Device-based permissions in a Windows Printing environment

We have a student lab that uses a single color printer and multiple print queues to handle color and b/w prints. We're also using pcounter for our auditing. We're moving off of Novell's NDPS system and onto Windows 2008, and I've hit a bit of a wall in this instance. The printing managers want to have a single printer in this lab (a Ricoh printer in this case) and have two separate print objects for color and b/w jobs, and charge separately for either.

This is not a simple thing. PCounter's color detection is not reliable in this instance so we can't use that to keep color jobs out of the b/w queue. What seems to work is if we put two different printers on the lab-stations with locked down drivers. This model worked well in the Novell environment as students would have to add the Novell Client to their laptops in order to print color jobs to the b/w queue, and we never found any who did that. A Windows printing environment changes all that since just about anything can print to Windows Print objects these days.

Our students will be able to use personal non-domained machines on the wireless network (and maybe the dorms) to map drives to the central file-servers, and presumably the central print-servers as well. We have zero ways to manage these privately owned, non-domained laptops, so do not have any kind of driver-level control; especially for all those MacBooks running around. This is why driver-level solutions are not viable.

We have to allow the entire student body to print to these printers, but we'd really like it if the spooler would only accept jobs from specific work-stations as well. Does the Windows printing environment support a feature like that?


There is no functionality in the Windows Spooler Service to allow you to set permissions on print queues based on computer used to submit a print job-- only the user.

The only even halfway decent idea that I'm coming up with is to firewall the print server queuing for this printer such that only those computers permitted to submit print jobs can access TCP ports 139 and 445. That would be tedious to configure and could cause you to need more server computer instances to service different combinations of printer and permitted computers.

I thought about trying to hack Microsoft's Internet Printing Protocol (IPP) server, but that's a really long shot. It allows users to submit jobs through HTTP over IIS, which does have the ability to permit / deny requests based on source IP or DNS name.

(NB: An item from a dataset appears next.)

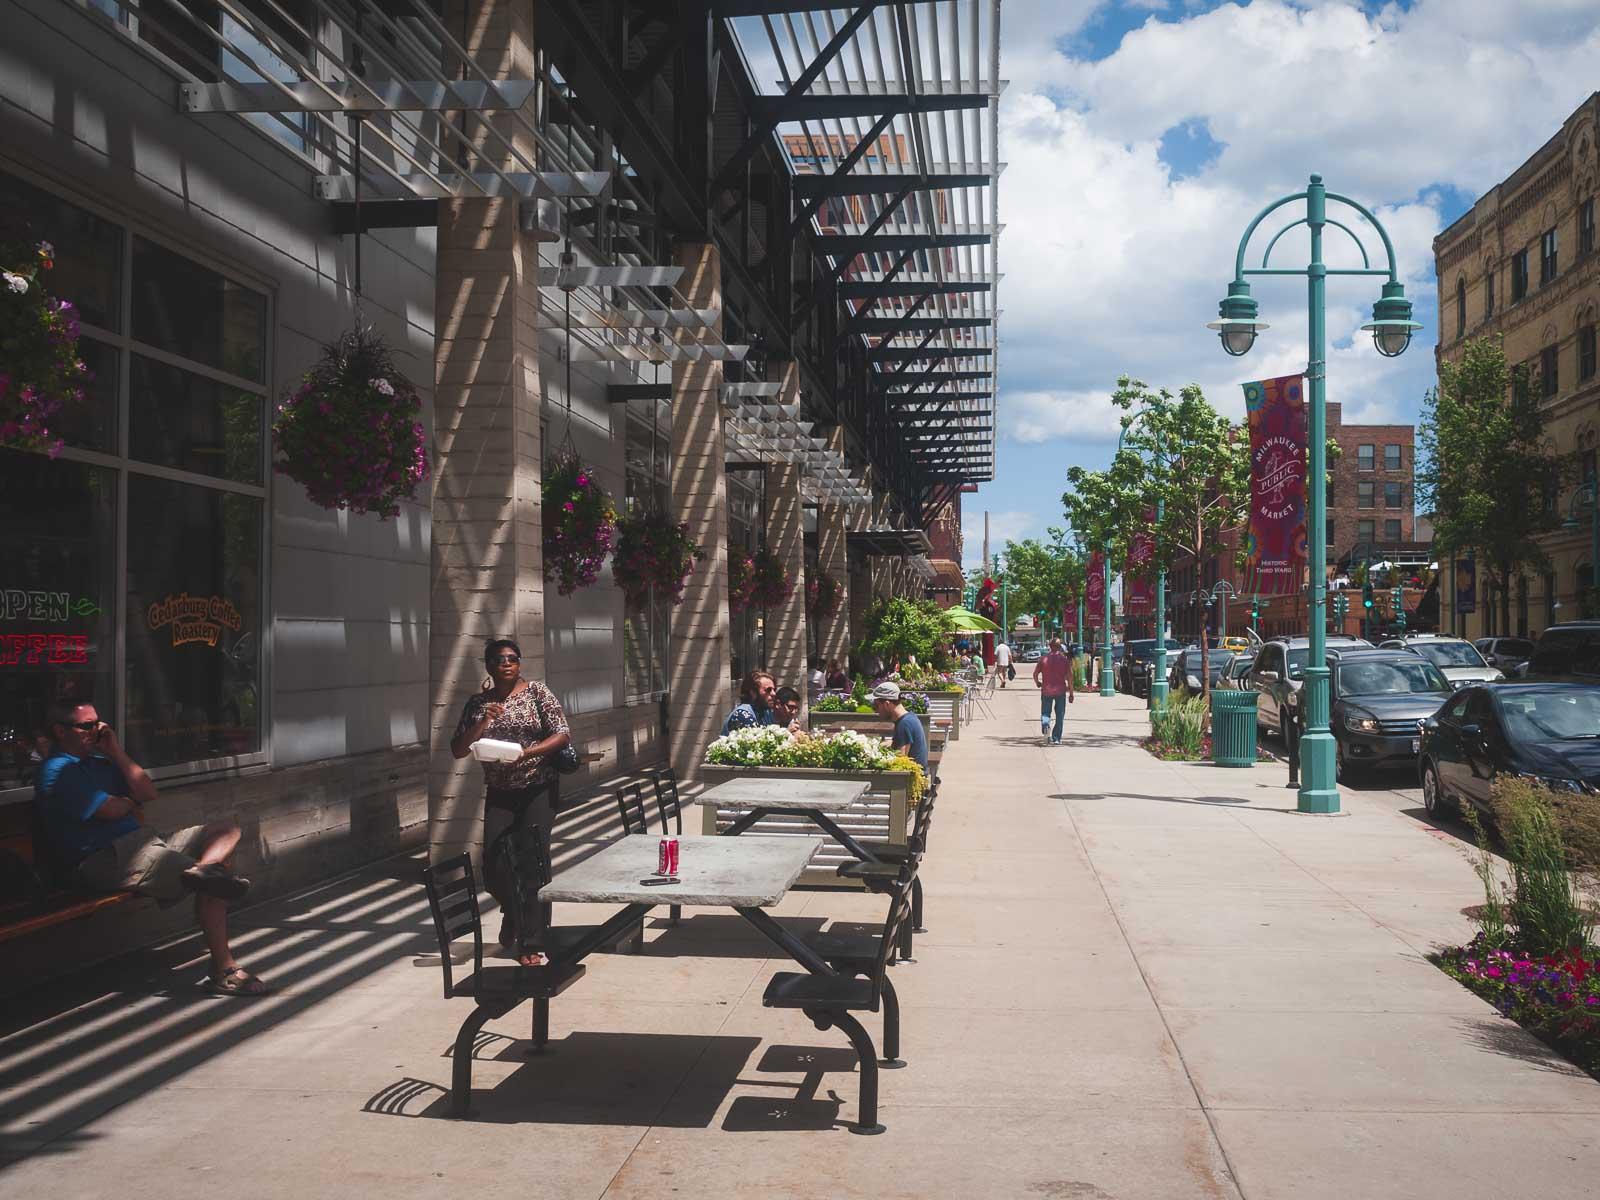 The Third Ward in Milwaukee

That's a long shot, thought.

I also thought about using a custom "front-end" process running, say, an HP "direct print" (TCP port 9100) server to authorize jobs based on submitting device. It could pick them up, authorize the job, and then submit it to the back-end Windows queue. The problem there is that per-user authentication and accounting would be lost.

I think you'd do well to buttoning-down your existing queue permissions and living with per-user security.